烏魁忍著氣,讓了阿依,轉著又看了不說話的珈藍。
“阿姆,我想如果阿父在的話,他要是知道銀狼族來了這麽一個有智慧,有巫力的人,阿父一定也會歡迎的。這都是為了我們整個銀狼族不是嗎!”

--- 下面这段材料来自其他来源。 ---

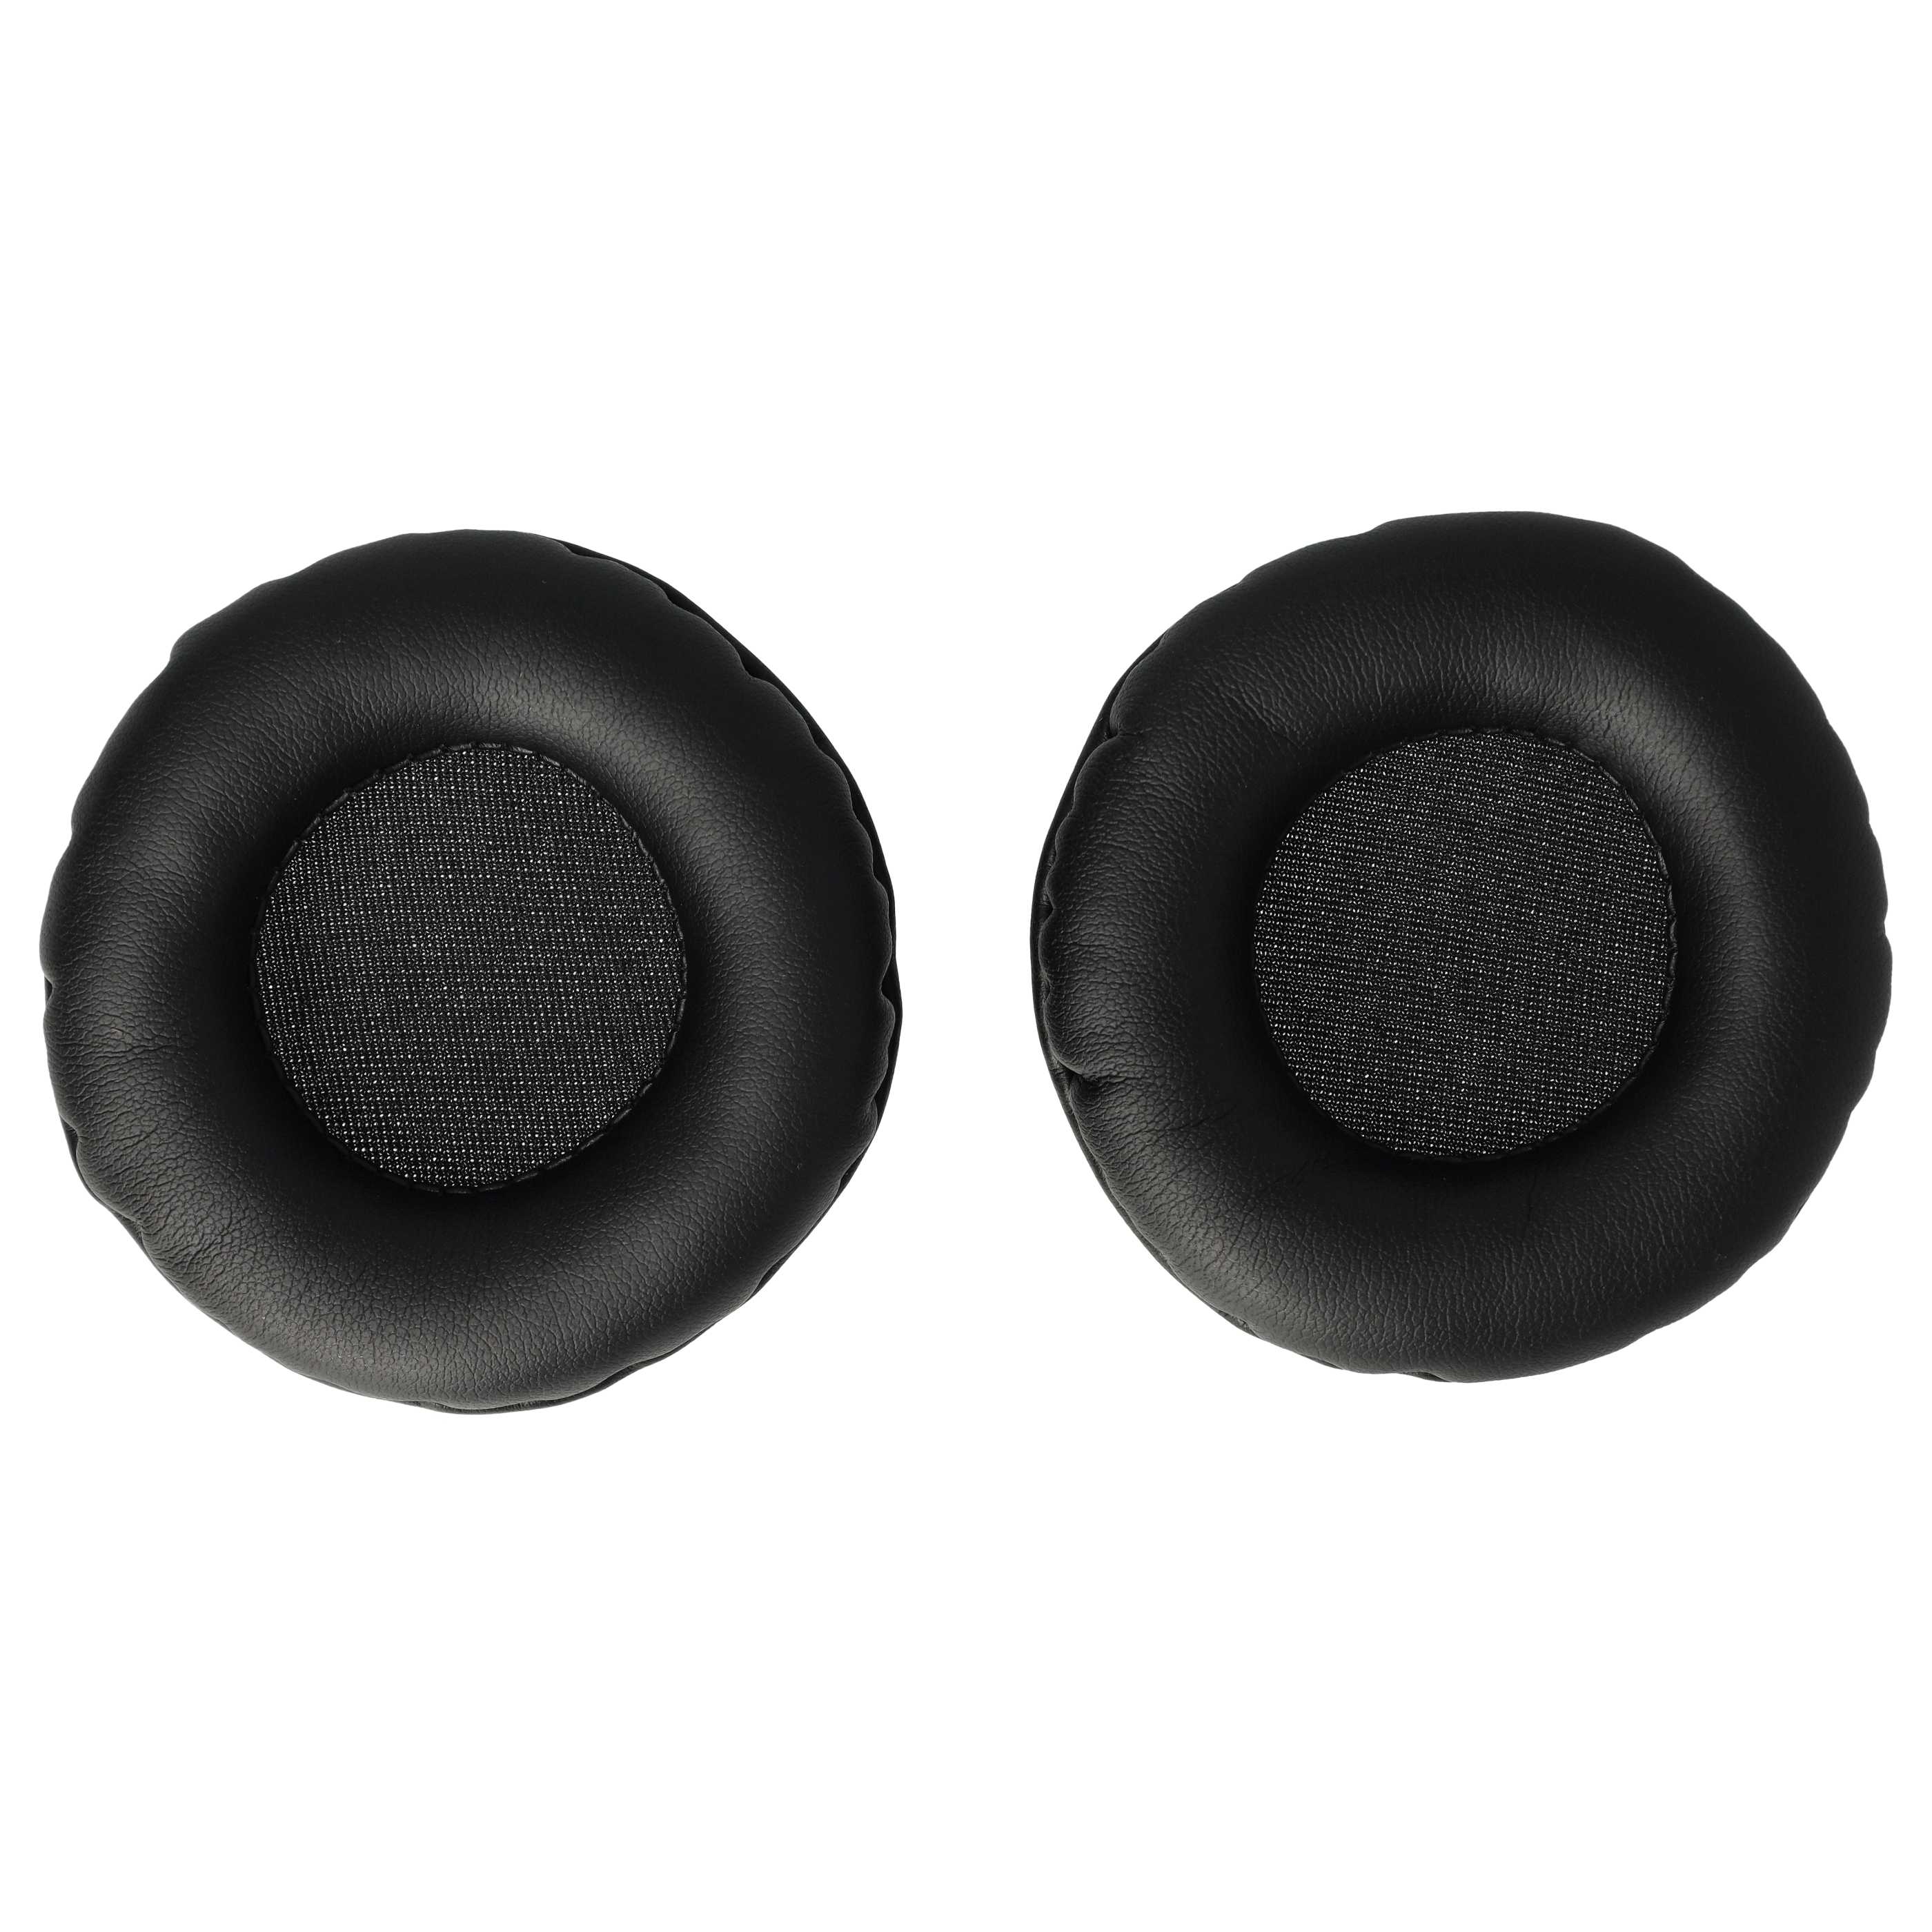 2x Poduszki do słuchawek słuchawek z nausznikami 65 mm / t.Bone HD 660 - pady śr. 6,5 cm , czarny

珈藍的眼睛狠狠一斜,盯上了烏魁,“烏魁,我把你養到成年,你現在自己出去了,這就不認骨岩洞了?”
“阿姆……”
“為了銀狼族?”珈藍一哼,“為了整個銀狼族,就要擠走我們骨岩洞嗎?你阿父離開才不過三兩個寒雪季,現在整個銀狼族還有誰記得咱們骨岩洞!”
“阿姆,風紀是強者!圖雅格裏從來也就隻記住強者!”
“所以啊!你怎麽不是強者!”珈藍直衝起了身,逼到烏魁的麵前,“你怎麽不去把風紀打敗!繼承你阿父的血統成為強者!為什麽是風紀?偏偏風紀還找了一個那麽厲害的猿族雌性當了伴侶,為什麽他不能找阿依!”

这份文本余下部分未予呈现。